Presentation Material
Abstract
First, we present DR.CHECKER, which is able to overcome many of the inherent limitations of static analysis by scoping our analysis to only the most bug-prone parts of the kernel (i.e., the drivers), and by only sacrificing soundness in very few cases to ensure that our the technique is both scalable and precise. DR.CHECKER is a fully-automated static analysis tool capable of performing general bug finding using both pointer and taint anal-yses that are flow-sensitive, context-sensitive, and field-sensitive on kernel drivers. To demonstrate the scala-bility and efficacy of DR. CHECKER, we analyzed the drivers of nine production Linux kernels (3.1 million LOC), where it correctly identified 158 critical zero-day bugs with an overall precision of 78%. Next, We present DIFUZE, an interface-aware fuzzing tool to automatically generate valid inputs and trigger the execution of the kernel drivers. We leverage similar static analysis to compose correctly-structured input in the userspace to explore kernel drivers. DIFUZE is fully automatic, ranging from identifying driver handlers, to mapping to device file names, to constructing complex argument instances. We evaluate our approach on seven modern Android smartphones. The results show that DIFUZE can effectively identify kernel driver bugs, and reports 32 previously unknown vulnerabilities, including flaws that lead to arbitrary code execution.
AI Generated Summary
This talk addresses the high prevalence of security vulnerabilities in Android kernel drivers, which constitute 85% of kernel bugs and are valuable targets for exploitation. The speaker presents two specialized tools: Dr. Checker, a static analysis framework, and Diffuse, a guided fuzzing engine, both designed to overcome the limitations of general-purpose vulnerability detectors when applied to driver code.
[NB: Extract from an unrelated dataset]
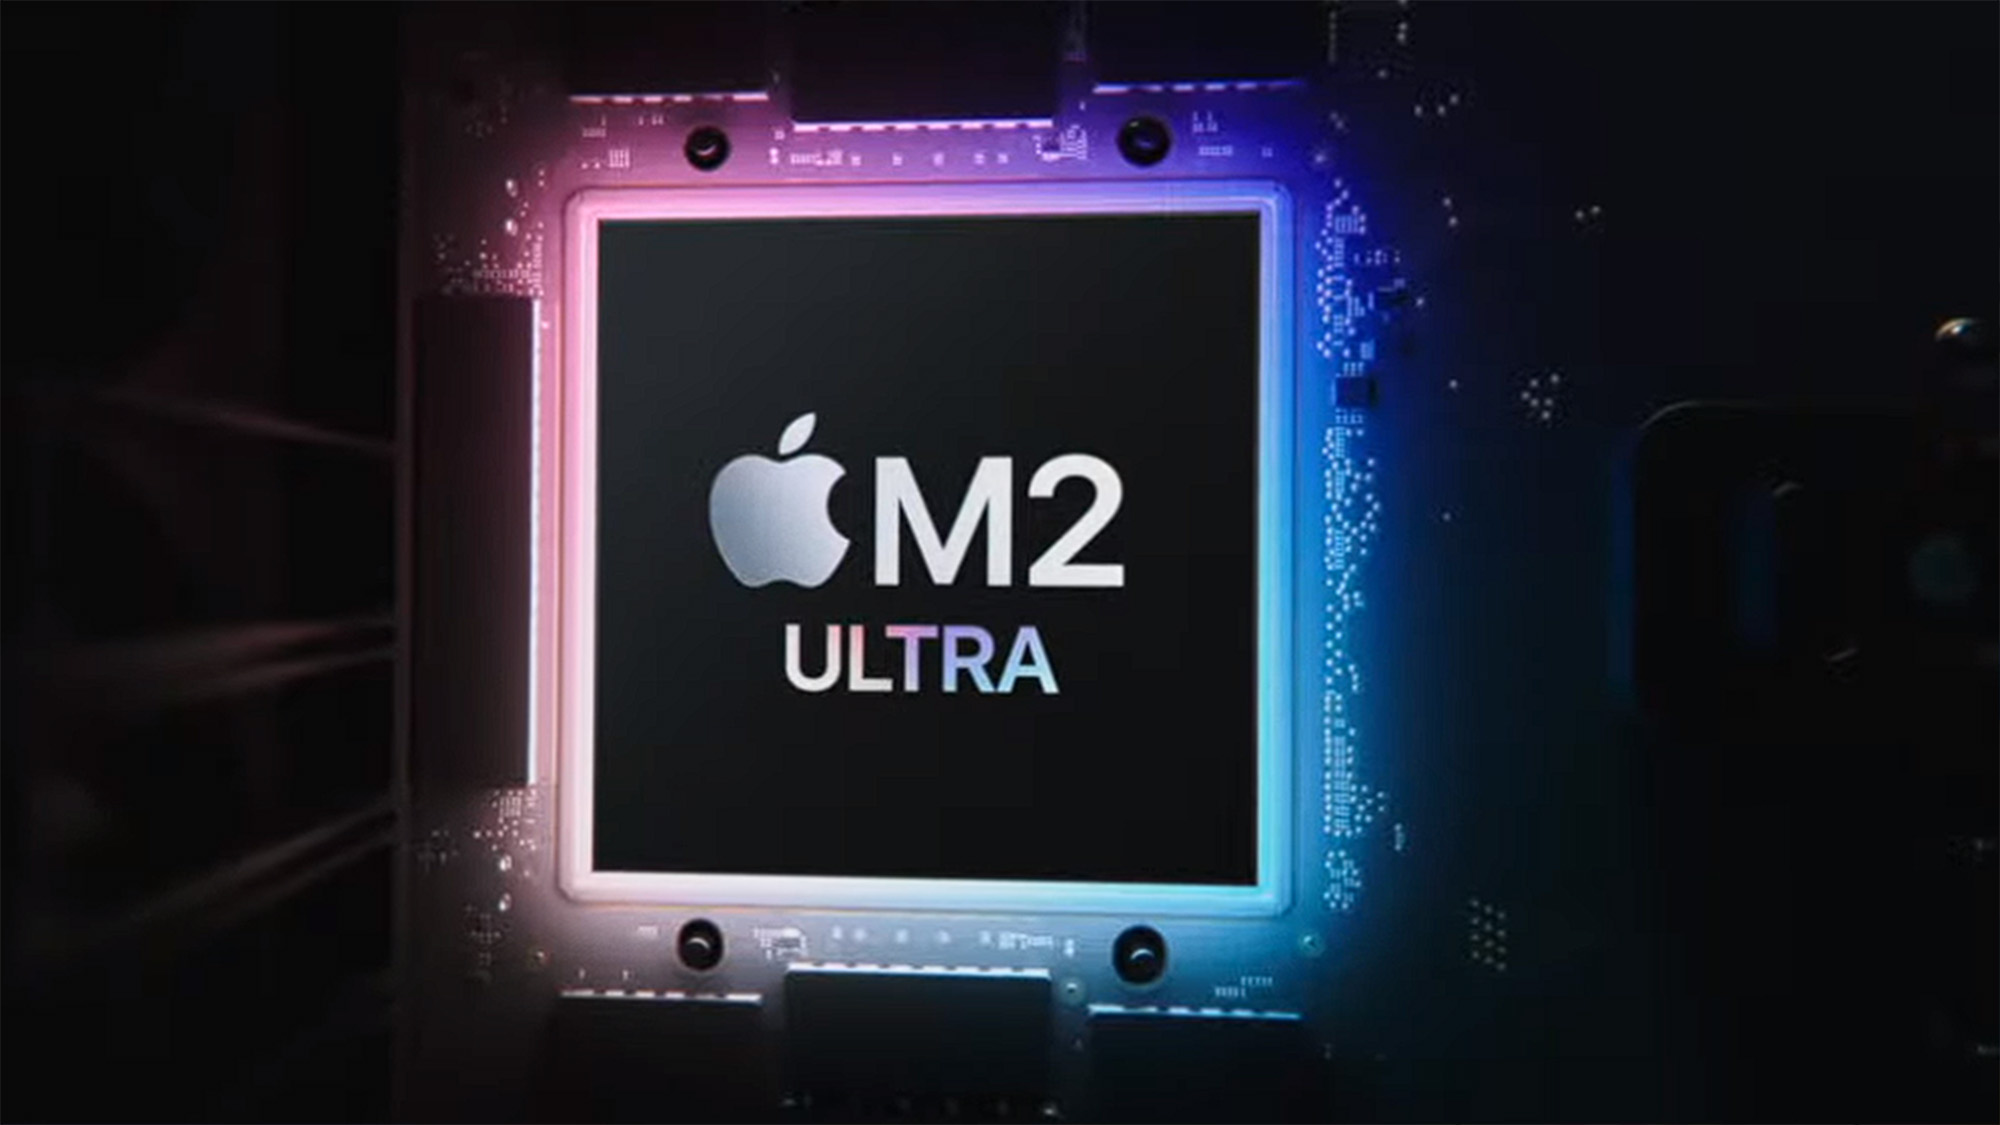 Apple Mac Studio Update at WWDC: M2 Ultra Option Debuts - CNET
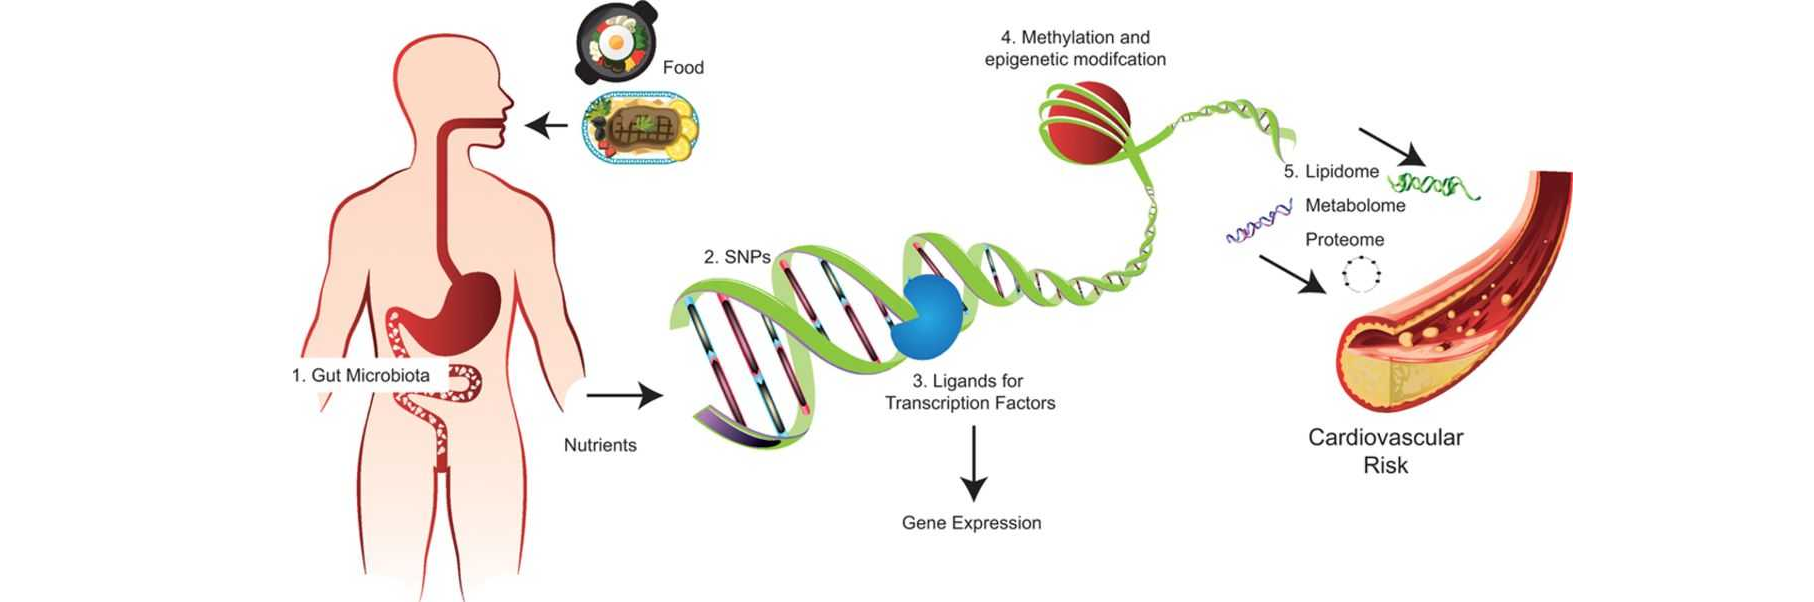 Epigenetics Focused Set

Dr. Checker employs context-sensitive taint tracking and pointer analysis tailored for the small, separable codebase of kernel drivers. It uses a simplified traversal that bounds loop analysis and treats kernel functions as safe to reduce false positives, a common issue with tools like CPPCheck or Flawfinder. Its web-based UI provides traceable warnings, aiding analyst triage. Diffuse tackles the challenge of fuzzing drivers, which require highly structured, interdependent inputs. It automatically extracts interface specifications—command types, parameter structures, and their constraints—from driver source code. This specification guides the generation of valid binary inputs, enabling effective on-device fuzzing via an ADB-connected client that captures kernel panics.
Evaluation of both tools across multiple vendor kernels and devices (including Qualcomm, MediaTek, and Google Pixel) yielded numerous CVEs. Dr. Checker found approximately 150 issues, including format string and off-by-one errors. Diffuse discovered 36 bugs, including arbitrary read/write primitives and null dereferences, many located deep within conditional logic that unconstrained fuzzers like AFL would likely miss. Both tools are open-source and automated, requiring only kernel source and a connected device. The work demonstrates that domain-specific static and dynamic analysis, leveraging driver characteristics like small size and open-source availability, can systematically uncover high-severity vulnerabilities in a critical attack surface.